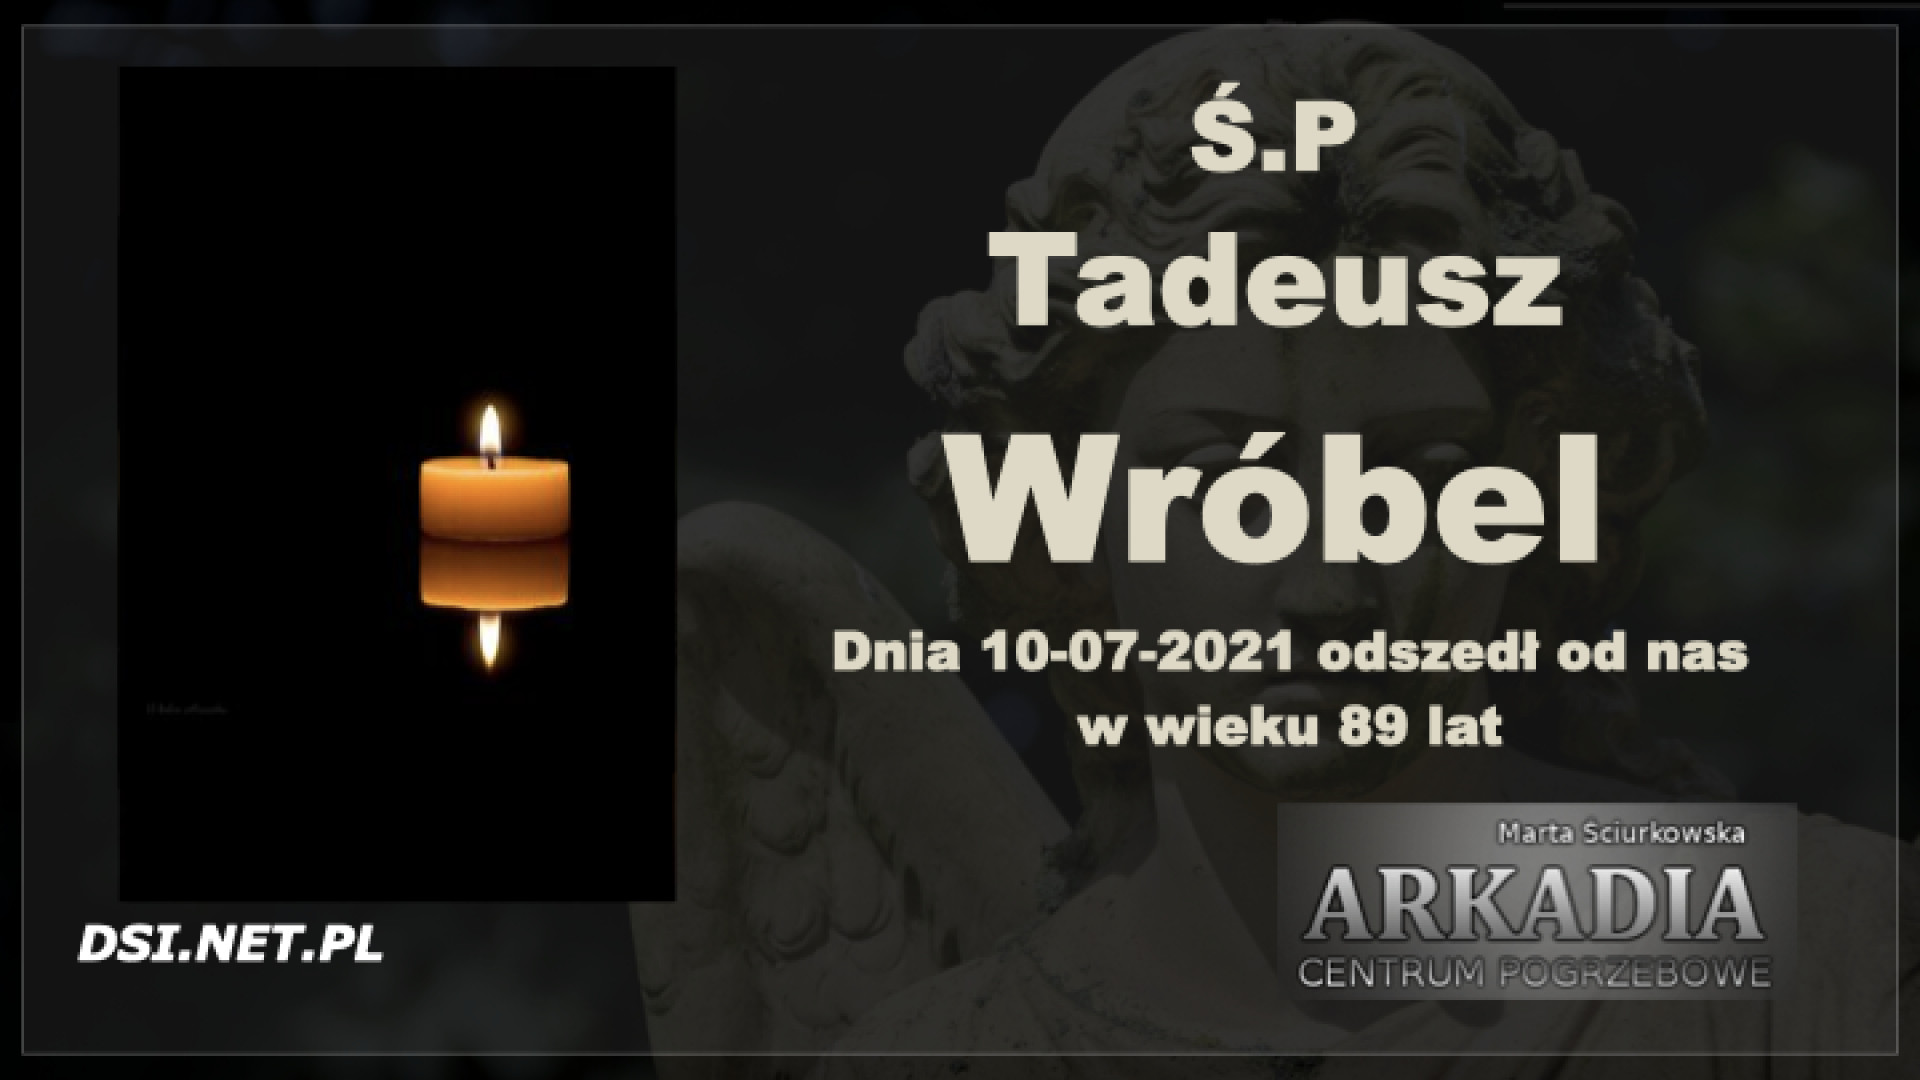 Ś.P. Tadeusz Wróbel
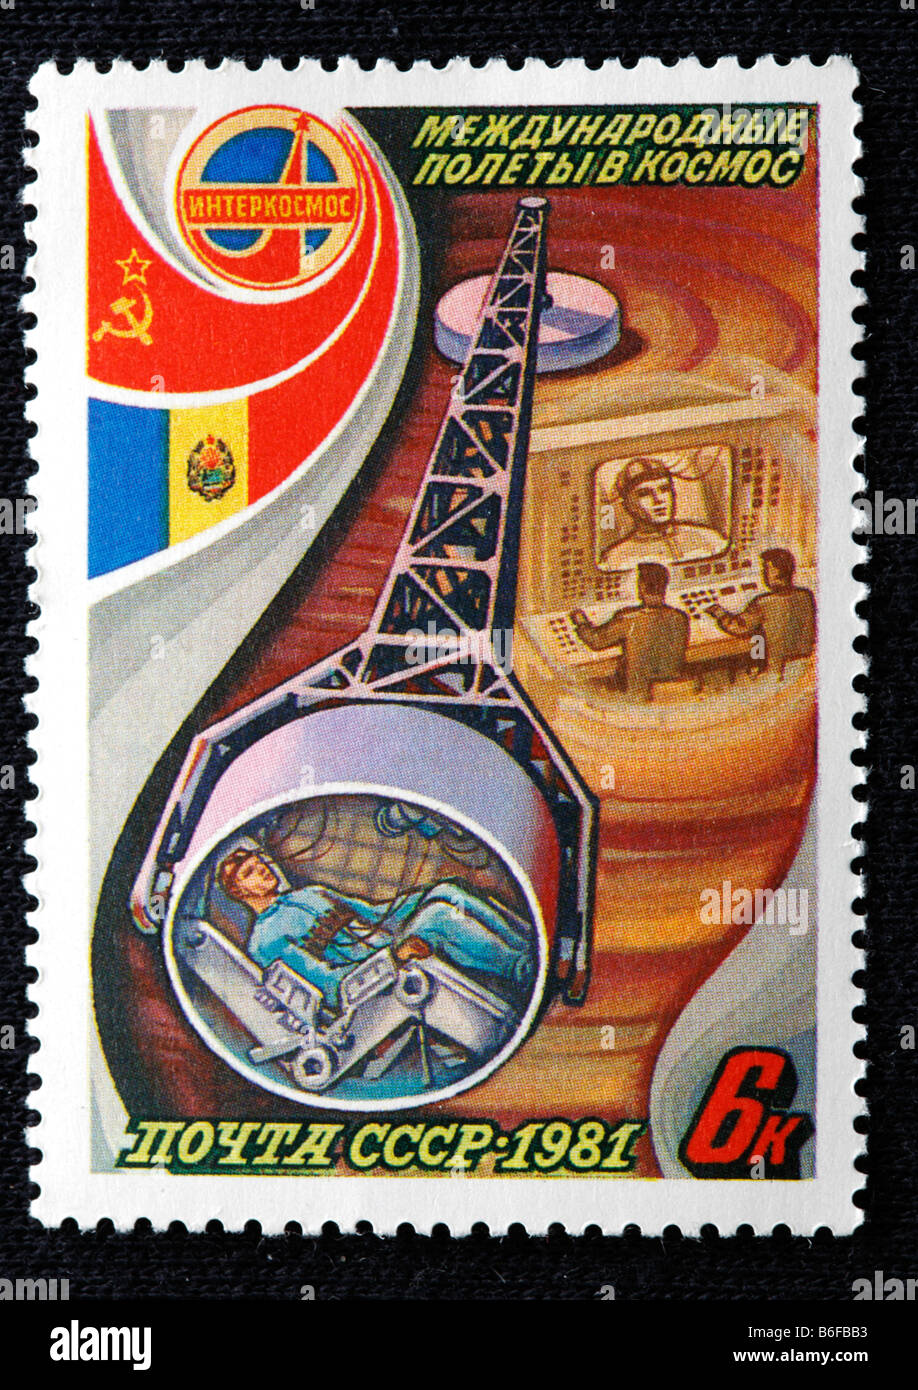 Training der Kosmonauten, Briefmarke, UdSSR, 1981 Stockfoto
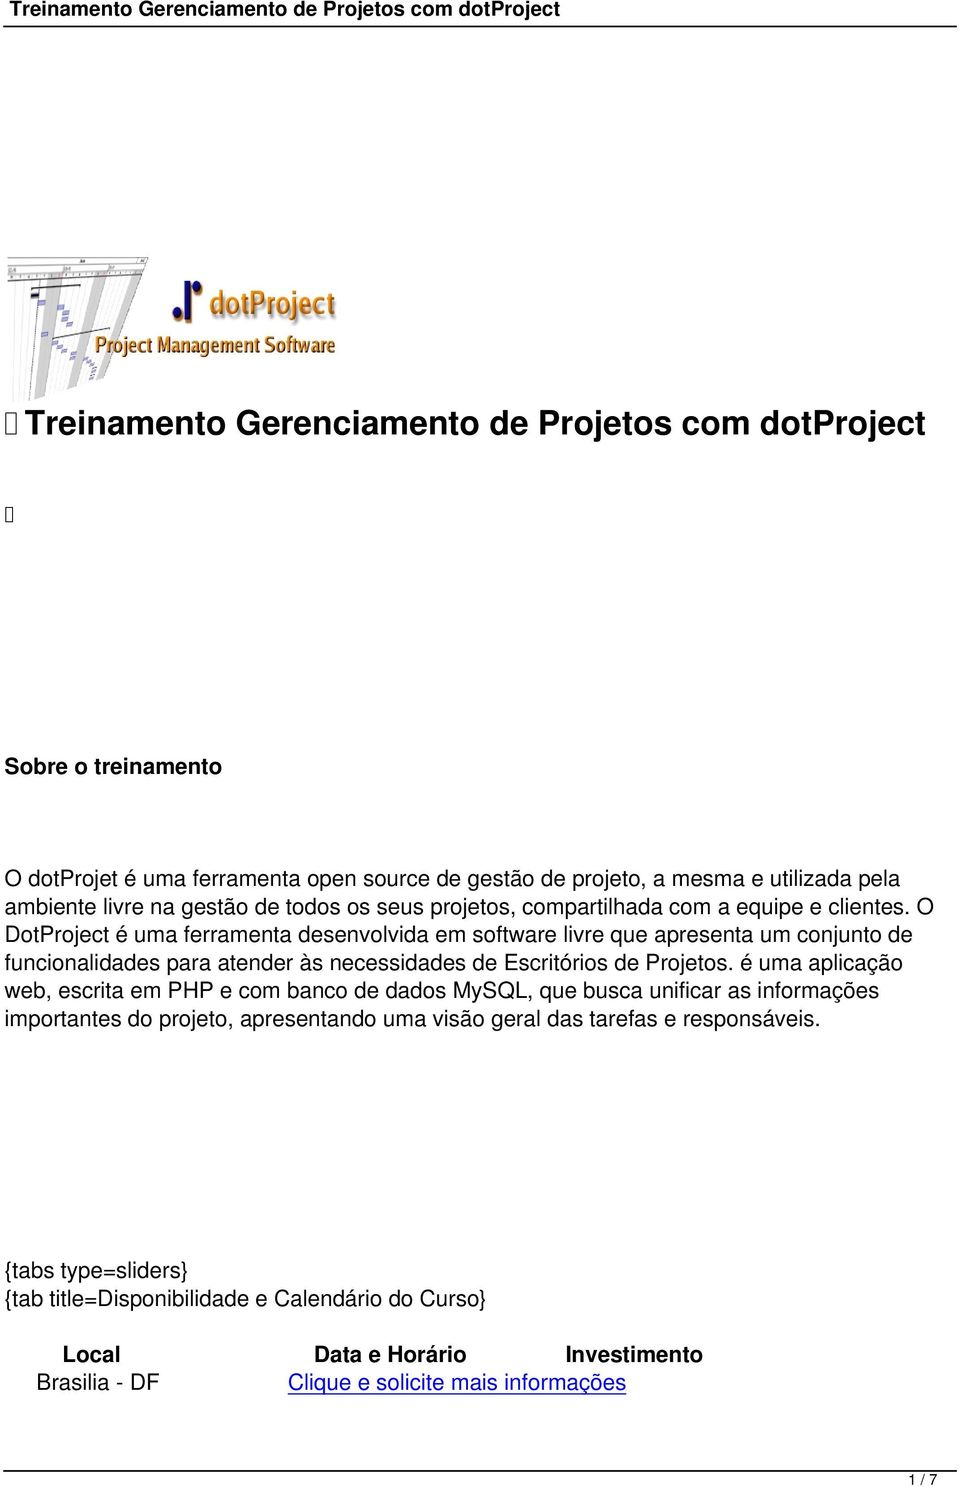 O DotProject é uma ferramenta desenvolvida em software livre que apresenta um conjunto de funcionalidades para atender às necessidades de Escritórios de Projetos.
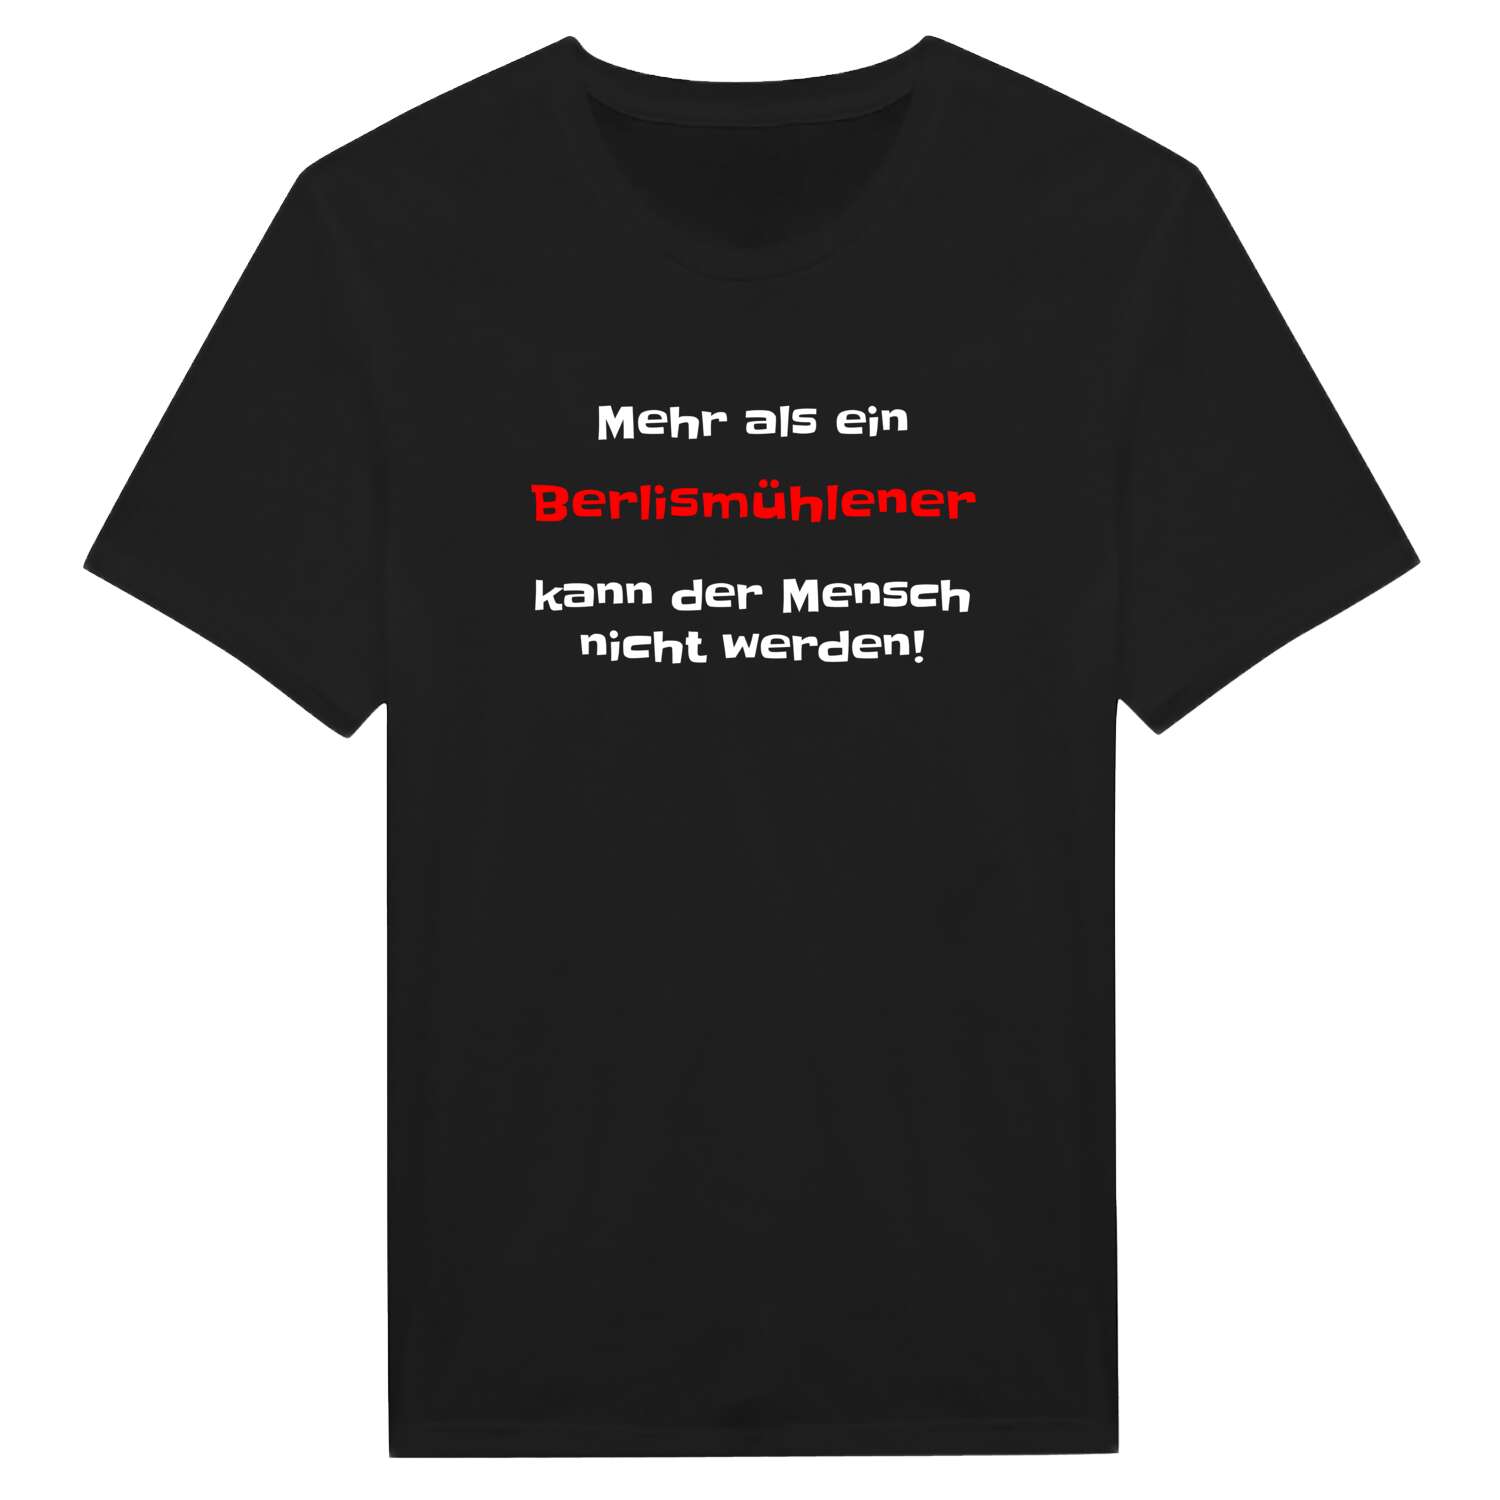 Berlismühle T-Shirt »Mehr als ein«

## [REQUIREMENT]
Take the lines from the one that contains "O DotProject é" through the last line of the material above and reproduce them exactly, leaving out any pictures.

## [TASK ANSWER]
 O DotProject é uma ferramenta desenvolvida em software livre que apresenta um conjunto de funcionalidades para atender às necessidades de Escritórios de Projetos.
 Berlismühle T-Shirt »Mehr als ein«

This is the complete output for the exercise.